| PROBLEM REQUIREMENTS |
Reproduce exactly the lines that run from the start of the records below to the line with "Dennis W. Hall", inclusive.

| RECORDED INFORMATION |
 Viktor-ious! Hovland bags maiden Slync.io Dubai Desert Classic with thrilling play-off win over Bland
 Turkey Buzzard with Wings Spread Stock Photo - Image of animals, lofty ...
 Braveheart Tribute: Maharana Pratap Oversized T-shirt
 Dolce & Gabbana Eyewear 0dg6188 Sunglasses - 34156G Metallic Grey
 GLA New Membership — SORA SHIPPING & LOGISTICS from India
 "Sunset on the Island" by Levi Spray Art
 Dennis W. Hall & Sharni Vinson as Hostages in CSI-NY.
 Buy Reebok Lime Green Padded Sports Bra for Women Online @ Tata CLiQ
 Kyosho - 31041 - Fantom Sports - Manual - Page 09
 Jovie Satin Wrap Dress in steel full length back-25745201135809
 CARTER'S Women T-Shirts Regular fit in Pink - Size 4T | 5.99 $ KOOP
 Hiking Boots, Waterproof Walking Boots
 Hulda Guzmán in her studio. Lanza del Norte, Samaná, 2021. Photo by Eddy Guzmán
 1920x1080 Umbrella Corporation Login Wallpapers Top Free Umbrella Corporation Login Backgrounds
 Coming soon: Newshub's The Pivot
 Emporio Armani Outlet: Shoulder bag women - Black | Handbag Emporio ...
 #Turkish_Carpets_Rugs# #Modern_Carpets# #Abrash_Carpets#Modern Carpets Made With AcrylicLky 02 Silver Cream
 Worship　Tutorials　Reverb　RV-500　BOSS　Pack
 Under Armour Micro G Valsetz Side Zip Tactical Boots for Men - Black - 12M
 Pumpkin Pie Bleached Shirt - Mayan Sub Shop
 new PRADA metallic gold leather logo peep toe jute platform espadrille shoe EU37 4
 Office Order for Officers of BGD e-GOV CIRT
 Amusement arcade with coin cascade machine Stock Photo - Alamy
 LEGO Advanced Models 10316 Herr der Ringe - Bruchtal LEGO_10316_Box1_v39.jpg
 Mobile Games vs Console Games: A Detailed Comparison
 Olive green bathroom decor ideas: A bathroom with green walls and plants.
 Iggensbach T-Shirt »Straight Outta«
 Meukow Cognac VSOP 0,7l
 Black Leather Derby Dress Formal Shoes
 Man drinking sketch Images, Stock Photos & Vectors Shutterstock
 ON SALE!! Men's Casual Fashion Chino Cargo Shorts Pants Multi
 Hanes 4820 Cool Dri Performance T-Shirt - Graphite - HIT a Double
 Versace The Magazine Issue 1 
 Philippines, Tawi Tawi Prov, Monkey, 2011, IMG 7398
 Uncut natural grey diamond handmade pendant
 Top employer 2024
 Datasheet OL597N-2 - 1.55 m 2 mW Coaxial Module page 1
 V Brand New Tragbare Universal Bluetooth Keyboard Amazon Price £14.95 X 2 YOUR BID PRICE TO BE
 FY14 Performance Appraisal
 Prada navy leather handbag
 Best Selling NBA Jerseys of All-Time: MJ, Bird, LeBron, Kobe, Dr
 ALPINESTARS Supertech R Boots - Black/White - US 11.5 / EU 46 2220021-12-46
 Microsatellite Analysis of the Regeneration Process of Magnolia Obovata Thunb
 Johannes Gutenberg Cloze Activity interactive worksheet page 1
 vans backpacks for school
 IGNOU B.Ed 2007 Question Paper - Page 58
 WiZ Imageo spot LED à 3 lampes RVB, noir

| OUTPUT OF THE EXERCISE |
 Viktor-ious! Hovland bags maiden Slync.io Dubai Desert Classic with thrilling play-off win over Bland
 Turkey Buzzard with Wings Spread Stock Photo - Image of animals, lofty ...
 Braveheart Tribute: Maharana Pratap Oversized T-shirt
 Dolce & Gabbana Eyewear 0dg6188 Sunglasses - 34156G Metallic Grey
 GLA New Membership — SORA SHIPPING & LOGISTICS from India
 "Sunset on the Island" by Levi Spray Art
 Dennis W. Hall & Sharni Vinson as Hostages in CSI-NY.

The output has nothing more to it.